Charlotte Mew

1869 –
1928

Charlotte Mary Mew, born on November 15, 1869, in London, was an English poet and short story writer. She was the third of seven children born to Frederick Mew, an architect in London, and Anna Maria (née Kendall). Two of her brothers died in infancy, and another during his boyhood. Both a brother and sister, Henry and Freda, were committed to mental hospitals during their youth due to schizophrenia.  Mew was enrolled at Gower Street School for Girls at age ten.

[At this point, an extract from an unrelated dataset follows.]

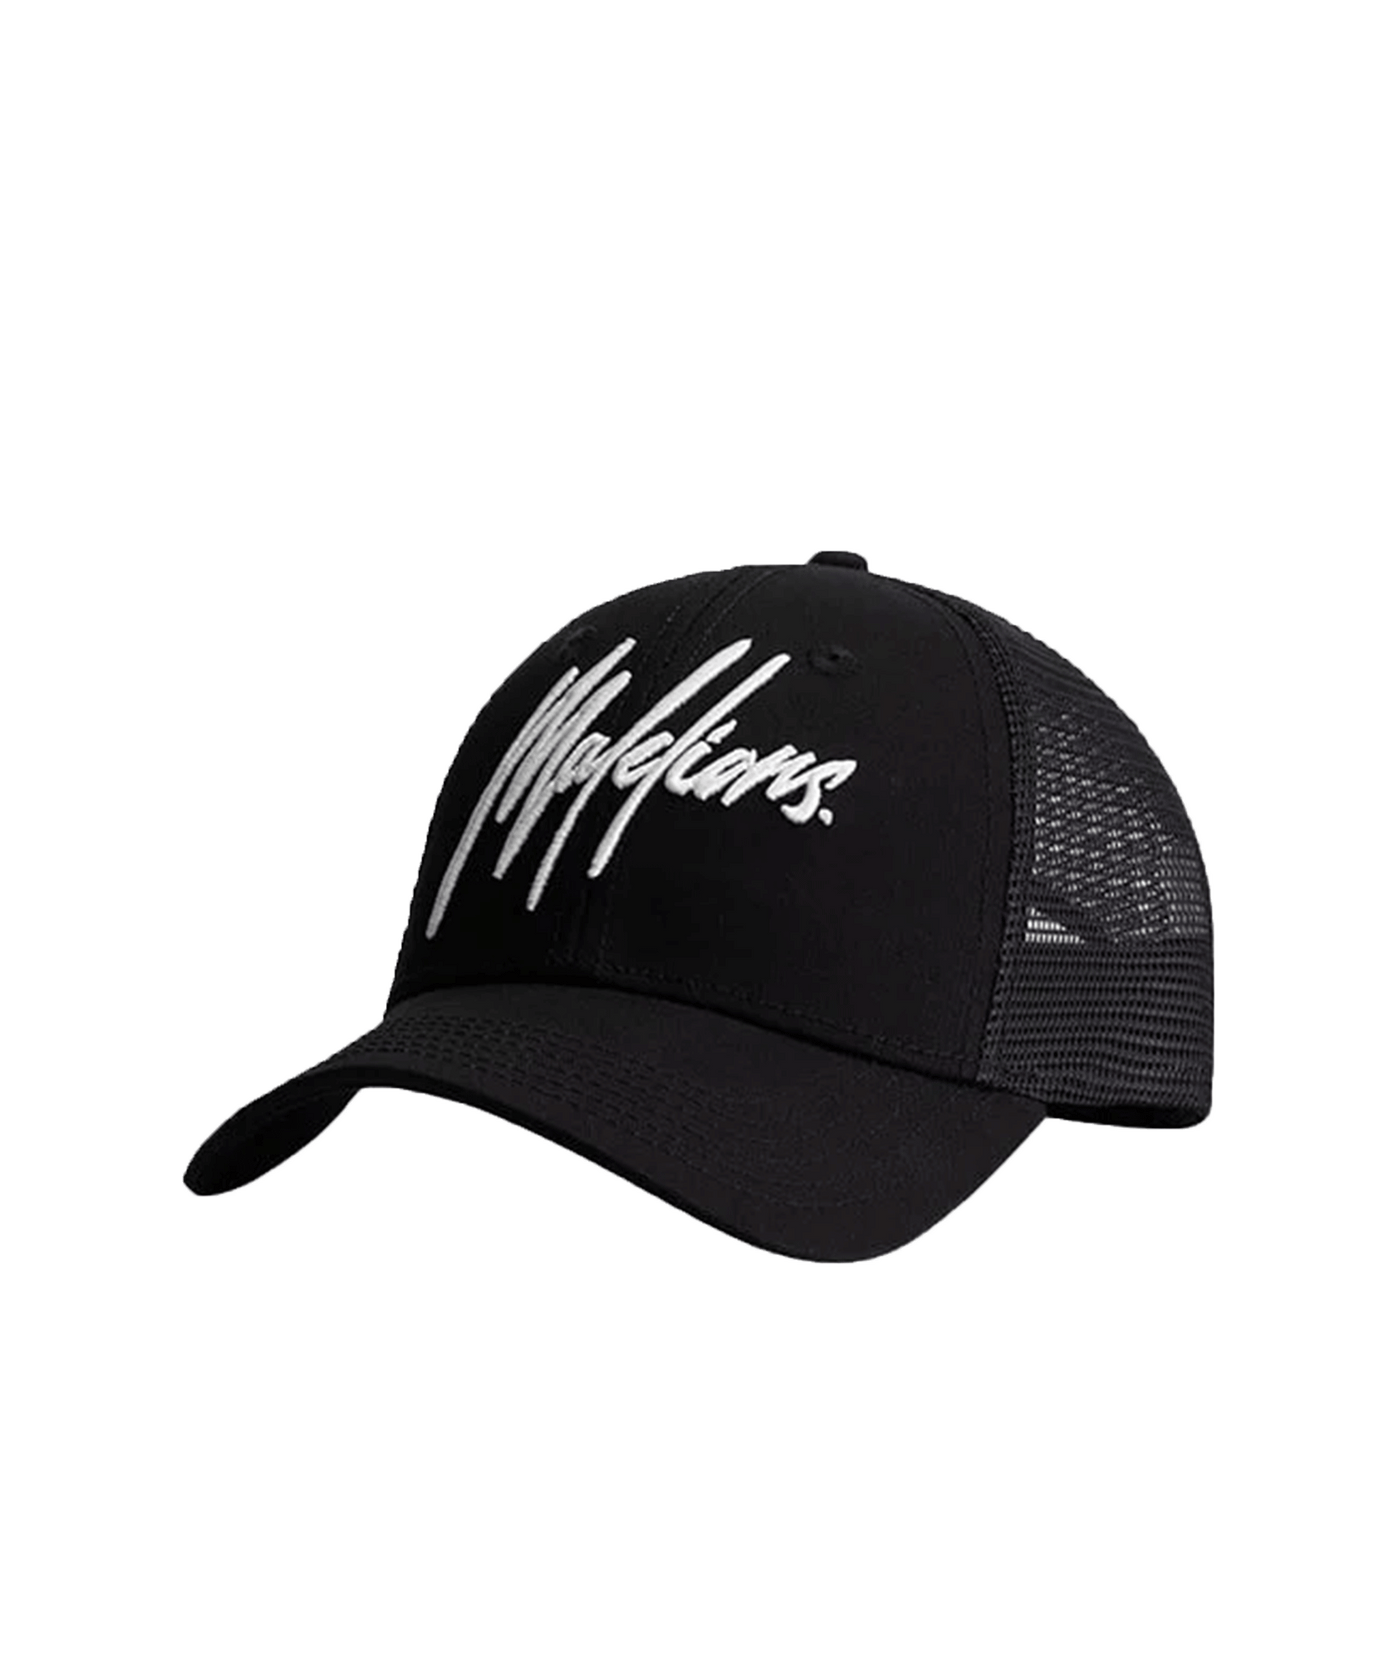 Malelions - Signature Cap - Black

Mew began her literary career with prose. She published a short story titled “Passed” in The Yellow Book, a London-based quarterly, in 1894. She published both poetry and prose in another journal, Temple Bar, between 1899 and 1906, as well as “Requiescat,” which appeared in The Nation in 1909. She published “The Farmer’s Bride,” first in the March 1913 issue of The Nation, then in an eponymously titled collection published by Harold Monro’s Poetry Bookshop in 1916. Its release brought her some fame. In March 1921, a new edition of the collection was released with eleven new poems. Her other collections are The Rambling Sailor (Harold Monro’s Poetry Bookshop, 1929), a posthumous work with thirty-two previously uncollected poems, and Saturday Market (Macmillan, 1921).

Throughout her life, Mew was very close to her surviving sister, Anne, and lived with her until the latter’s death. Mew died in London on March 24, 1928.